To make this rewrite more compelling, let’s use Grain’s capabilities beyond simple samples traversal. Assuming that we are interested in shoes only (labels: 5 - sandals, 7 - sneakers, and 9 - ankle boots) we implement a Filter class with a filter that allows us to discard unwanted samples.

class ToTensorAndOneHot(grain.transforms.Map):
  to_tensor = ToTensor()

  def map(
      self, element: tuple[Image, int]
  ) -> tuple[torch.Tensor, torch.Tensor]:
    data = self.to_tensor(element[0])
    target = torch.zeros(10, dtype=torch.float).scatter_(
        0, torch.tensor(element[1]), value=1
    )
    return (data, target)


class KeepShoesOnly(grain.transforms.Filter):
  shoes_only = {5, 7, 9}  # Sandal, Sneaker, Ankle boot

  def filter(self, element: tuple[Image, int]) -> bool:
    return element[1] in self.shoes_only

Complete Pipeline#

Now we combine all pieces into a single pipeline. Grain exposes an API that allows us to rely on a chain of method calls.

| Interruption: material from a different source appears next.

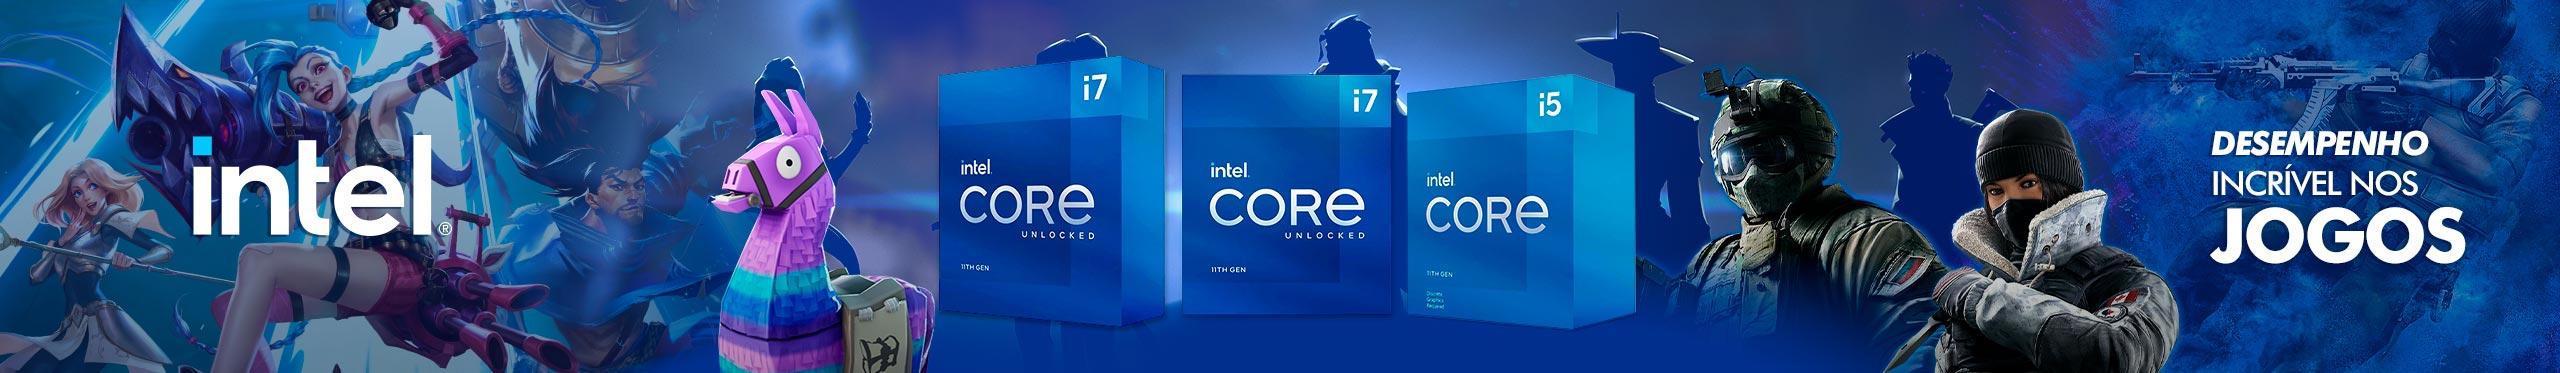 Banner Intel 11TH geração

This results in a straightforward flow from the source to the final batching stage.

dataset = (
    grain.MapDataset.source(fashion_mnist)
    .shuffle(seed=42)
    .filter(KeepShoesOnly())  # leave only shoes
    .map(ToTensorAndOneHot())  # construct tensors and label one-hot encoding
    .to_iter_dataset()
    .batch(  # batches consecutive elements
        batch_size=5,
        batch_fn=lambda ts: tuple(torch.stack(t) for t in zip(*ts)),
    )
)

The result is exactly what we expected - both samples and labels are now PyTorch tensors, and they’re batched in groups of five.

iterator = iter(dataset)
batch_0 = next(iterator)
print(type(batch_0[0]), batch_0[0].shape)
print(batch_0[1])
<class 'torch.Tensor'> torch.Size([5, 1, 28, 28])
tensor([[0., 0., 0., 0., 0., 0., 0., 0., 0., 1.],
        [0., 0., 0., 0., 0., 1., 0., 0., 0., 0.],
        [0., 0., 0., 0., 0., 0., 0., 1., 0., 0.],
        [0., 0., 0., 0., 0., 0., 0., 0., 0., 1.],
        [0., 0., 0., 0., 0., 0., 0., 0., 0., 1.]])
nrows, ncols = 4, 8
fig, axs = plt.subplots(nrows, ncols)
for x in range(ncols):
  data, _ = next(iterator)
  for y in range(nrows):
    axs[y, x].imshow(data[y, 0])
    axs[y, x].set_axis_off()
../../_images/22718dd72d3e9797711fcc0e3e3ffb0900e24c6defc5258c1aaa4462a1fbb212.png

In the last cell we additionally confirm that all items are restricted to shoes only. The pipeline that we’ve built not only allowed us to ensure Torchvision dataset-loading features, but also extend with batching and filtering capabilities.